When domain 4 of PAwt binds to the wild-type receptor, it forms a metal-ion-dependent structural bridge between domain 4 and the von Willebrand factor A (VWA) region of the anthrax toxin receptor (CMG2 or TEM8) (Fig. 1b). Especially two binding residues (N682, D683) within domain 4 are very important for PA binding [16]. Although receptor binding is mainly mediated by domain 4 of PA, parts of the VWA region also interact with domain 2. Binding to the 340-348 loop of PA prevents the rearrangement of the PA insertion loop and the contiguous 2β2 and 2β3 β-strands.

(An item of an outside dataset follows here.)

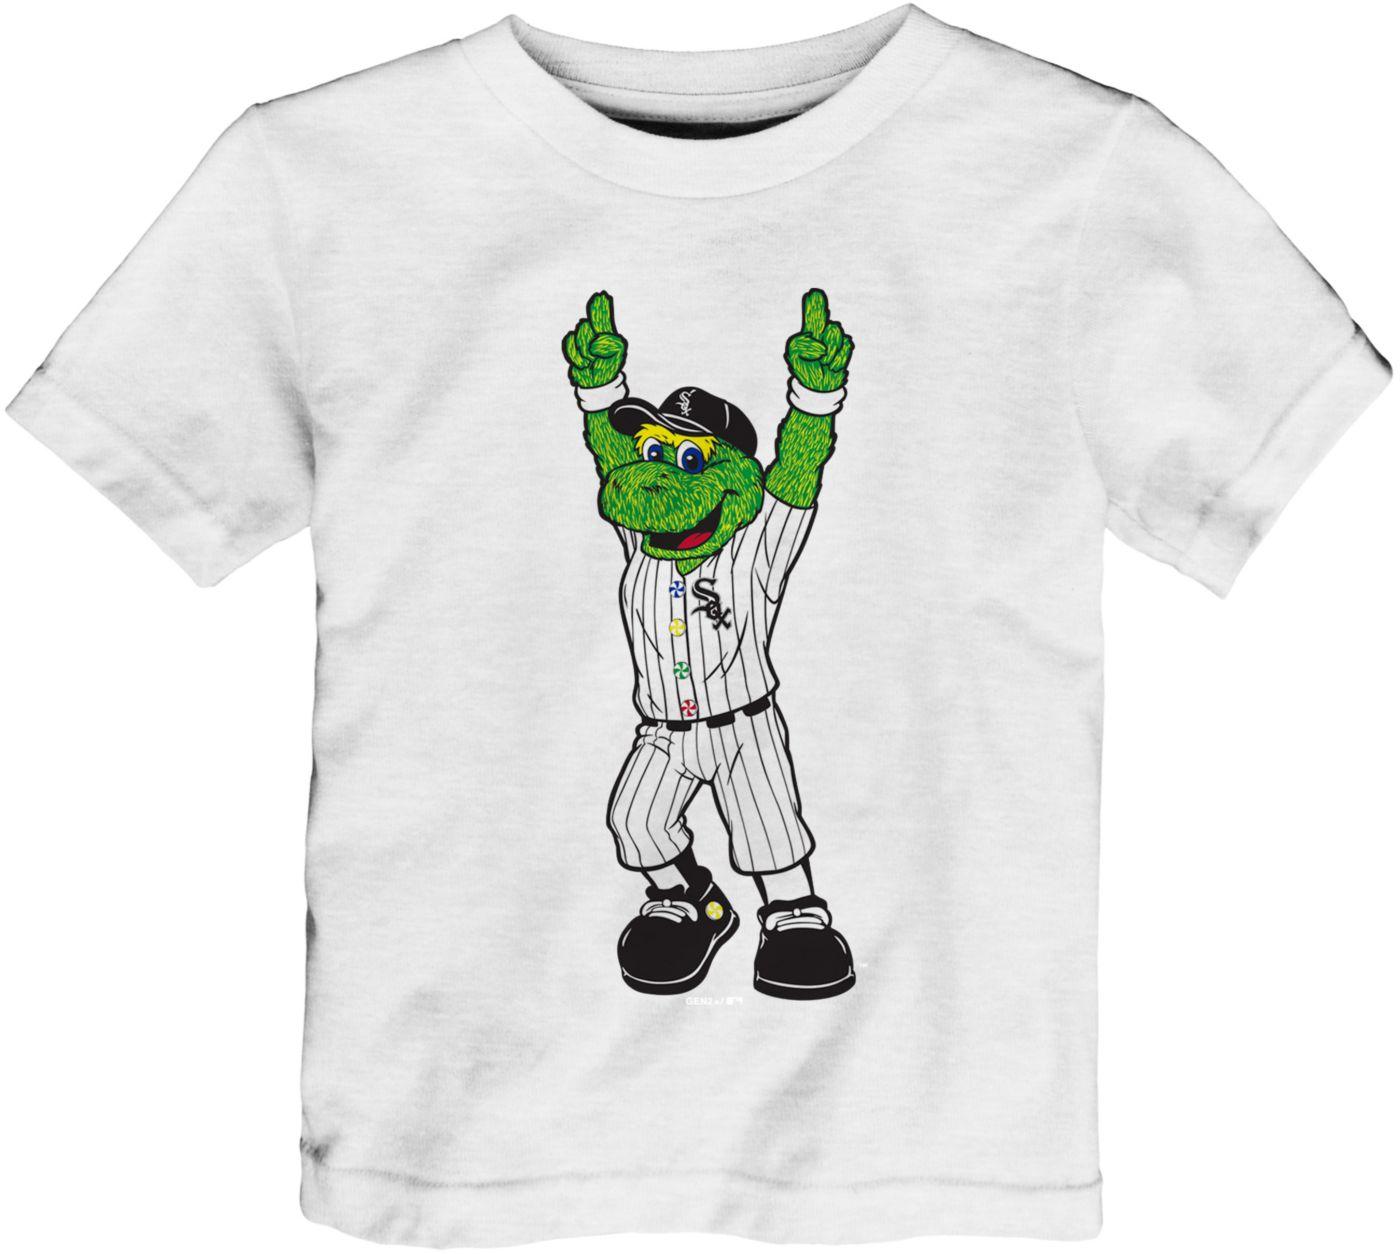 Gen2 Toddler Chicago White Sox Mascot T-Shirt
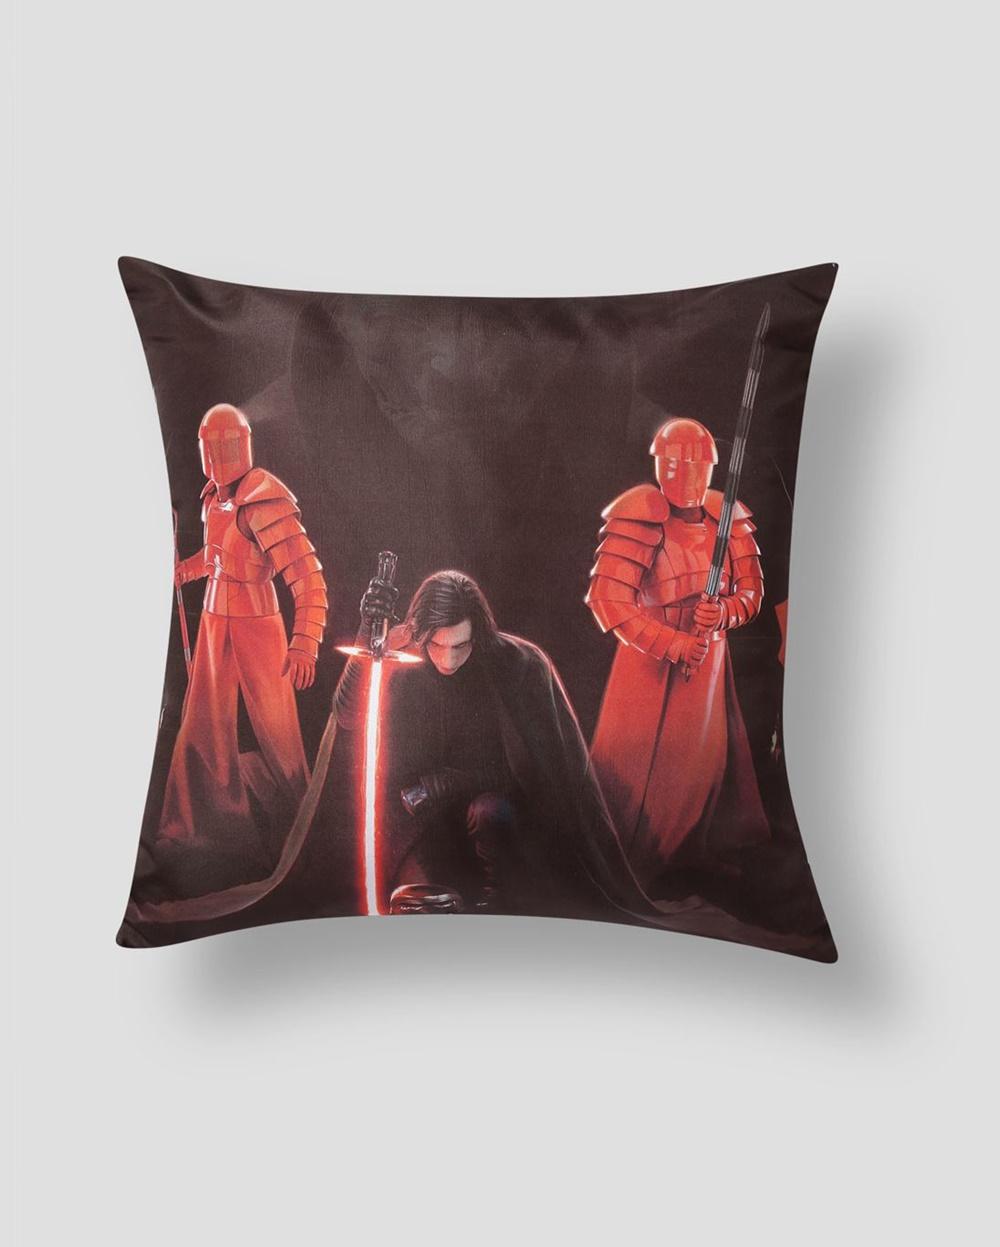 Almofada Star Wars 43cm x 43cm Kilo R$ 49,90

It has been shown that the prepore-to pore conversion of PAwt occurs at different pH, depending on it being incubated with or without its wild-type receptor [13, 17]. Using mutated PA (PAm), which is unable to bind its wild-type receptor, the stabilizing interactions between domain 2 and the VWA region are lost, which otherwise prevent the conformational change at neutral pH. Thus, merely fusing a retargeting molecule to PAm does not fully replicate the mechanism of PAwt, which limits the conformational changes to occur in late endosomes. Hence, we propose that the prepore-to-pore conversion of PAm-Ac2 can occur immediately upon oligomerization on the cellular surface, already at physiological pH, thus assembling an open pore allowing ions and other substances to freely pass in and out of the cell (Fig. 1c).
To prevent this premature prepore-to-pore conversion, we designed a domain-2/domain-4 interface-stabilized version of PA (Fig. 1d, e). To achieve this, we genetically fused the 19.5-kDa VWA domain of CMG2 (residues 40-217, C175A), which we termed sANTXR, to the C-terminus of PAwt. A long (G4S)5 linker between PAwt and sANTXR with an approximate length of 88 Å allows the correct orientation and functional interaction of the fusion partners. The covalent linker massively increases the local effective concentration of sANTXR, which in combination with the high affinity for the PA-binding domain is expected to effectively reduce off-target effects of PAwt binding to CMG2 or TEM8 on the cell surface [18]. This was deduced from the structure of the wild-type conformation of the PA prepore [13], PDB ID: 1TZN. C-terminally to the sANTXR receptor domain, we fused the EpCAM-targeting DARPin Ac2. We propose that the sANTXR domain impedes premature prepore-to-pore conversion by creating a very similar domain arrangement as in PAwt bound to its receptor CMG2. We thus expect that the pH where the prepore-to-pore conversion can occur shifts back to wild-type conditions (Fig. 1b–d), conditions that are present only in the (late) endosomes. The cytotoxicity of a premature prepore-to-pore conversion on the cell surface thus should get diminished.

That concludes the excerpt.